The overall picture arising from this discussion is as follows. The science research community has an important role to play in ensuring effective mitigation of global catastrophic risks arising from technological advances. Of particular concern to those seeking to improve governance of GCR ought to be the curiosity-driven trend to ‘follow the science’ regardless of potential consequences, coupled with the fact that Collingridge misalignment means that scientists themselves—rather than anyone external to the research community—are often best placed to identify likely risks on the horizon and potential lock in effects. Scientists have some degree of aversion or indifference towards considering policy issues. When they do not, they consider themselves to be doing it somewhat against a professional backdrop of indifference. Respondents display an instinctive understanding of the interaction between top-down regulations and the practices of science, and of the significance of the latter with regard to governance. The points at which GCR from emerging technology tend to be engaged at an early Technology Readiness Level do not match the expertise of the ‘non-depoliticised’ on that specific issue; they tend to be adjacent. Others seem to disregard the lock-in issue altogether. In understanding research culture with regards to governance issues, there is a focus on economic incentives as the driver of research culture. Other factors that arise are the reactivity of governance, academic fashions, and rational/moral persuasion.
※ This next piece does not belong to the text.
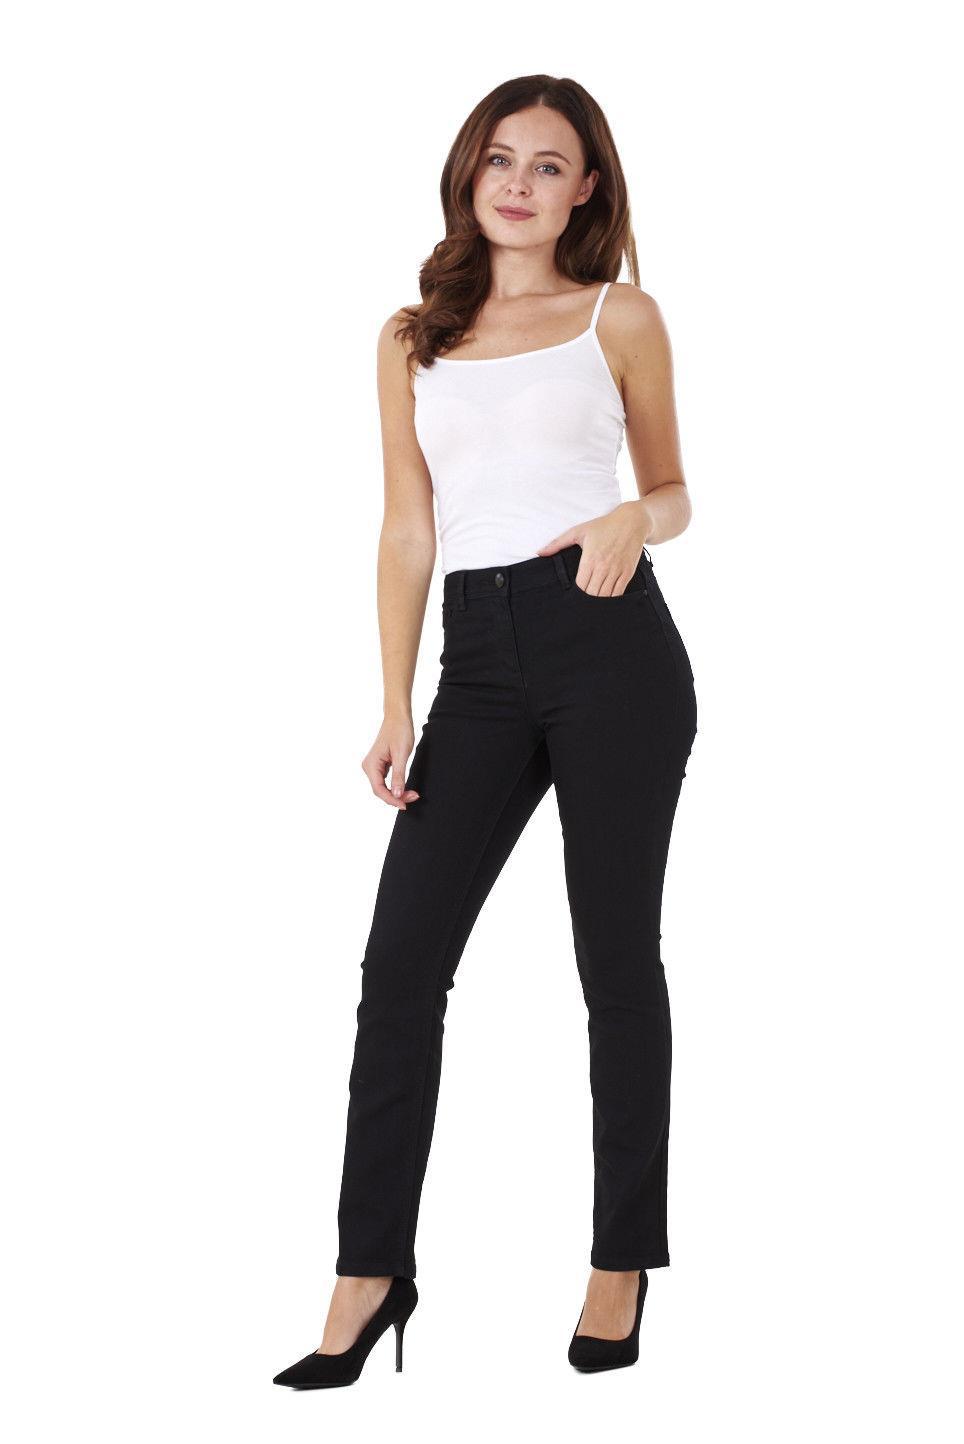 Ladies-Straight-Leg-Denim-Womens-Pants-Stretch-Regular-Fit-Jeans thumbnail 8

Taken together, these themes suggest that promising directions for future governance include incorporating GCR in to existing incentivised norm structures (such as those codified and endorsed by funding bodies); promoting or better understanding what is attractive about the effective altruism framework; finding ways to reinvigorate further of the role of the public-facing scientist; popularising the Collingridge dilemma, especially as it applied to emerging technology and GCR, and placing under greater scrutiny the academic incentives in this regard; and of course, addressing more broadly the incentives towards short-termism in technology development. Further, it would be worth examining further the process of switching between technical and ethical modes, including examining the way that researchers respond to evidence about the way their reflection functions.